On 23 January 1986, in the set of by-elections caused by the unionist protests against the Anglo-Irish Agreement, Ken Maginnis was re-elected with 27,857 votes (49.7%), despite the active participation of nationalist candidates (unlike in most other seats, where nationalists boycotted these by-elections – in Newry and South Armagh, however, Séamus Mallon snatched the seat from the unfortunate Jim Nicholson). Nationalism was split in FST, though, and Owen Carron got only 15,278 votes (27.2%), with Austin Currie (standing officially for the SDLP this time) getting 12,081 votes (21.5%).
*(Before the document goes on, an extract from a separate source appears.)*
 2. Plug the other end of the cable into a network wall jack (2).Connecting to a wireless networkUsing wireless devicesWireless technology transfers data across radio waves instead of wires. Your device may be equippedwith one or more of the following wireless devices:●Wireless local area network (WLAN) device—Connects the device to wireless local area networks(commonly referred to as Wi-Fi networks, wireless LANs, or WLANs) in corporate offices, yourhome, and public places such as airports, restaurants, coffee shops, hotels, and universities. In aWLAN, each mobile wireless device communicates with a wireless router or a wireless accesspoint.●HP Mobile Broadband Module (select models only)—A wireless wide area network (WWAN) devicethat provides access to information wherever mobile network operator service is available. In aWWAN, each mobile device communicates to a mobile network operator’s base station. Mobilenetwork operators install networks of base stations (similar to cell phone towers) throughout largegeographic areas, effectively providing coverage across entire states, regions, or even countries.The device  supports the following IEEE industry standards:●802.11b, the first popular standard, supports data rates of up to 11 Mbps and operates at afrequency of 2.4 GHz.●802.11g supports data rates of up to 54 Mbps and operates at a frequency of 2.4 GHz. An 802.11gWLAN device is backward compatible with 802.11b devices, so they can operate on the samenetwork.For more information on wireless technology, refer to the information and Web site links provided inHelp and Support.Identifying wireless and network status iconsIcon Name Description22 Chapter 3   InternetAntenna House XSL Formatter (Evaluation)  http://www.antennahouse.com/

Davy Kettyles, still with the Workers' Party, got 864 votes (1.5%). The turnout was a low 80.9%, implying that neither side had really motivated their supporters.
On 11 June 1987, with an almost identical turnout (80.8%) in the general election Ken Maginnis retained the seat with 27,446 votes (49.6%). Carron, now on the run, was replaced as Sinn Féin candidate by Paul Corrigan, who got 14,623 votes (26.4%), while Rosemary Flanagan for the SDLP got 10,581 votes (19.1%) and Davy Kettyles, still WP, got 1,784 votes (3.2%). The Alliance Party, on another of its forays west, got 941 votes (1.7%) with John Haslett.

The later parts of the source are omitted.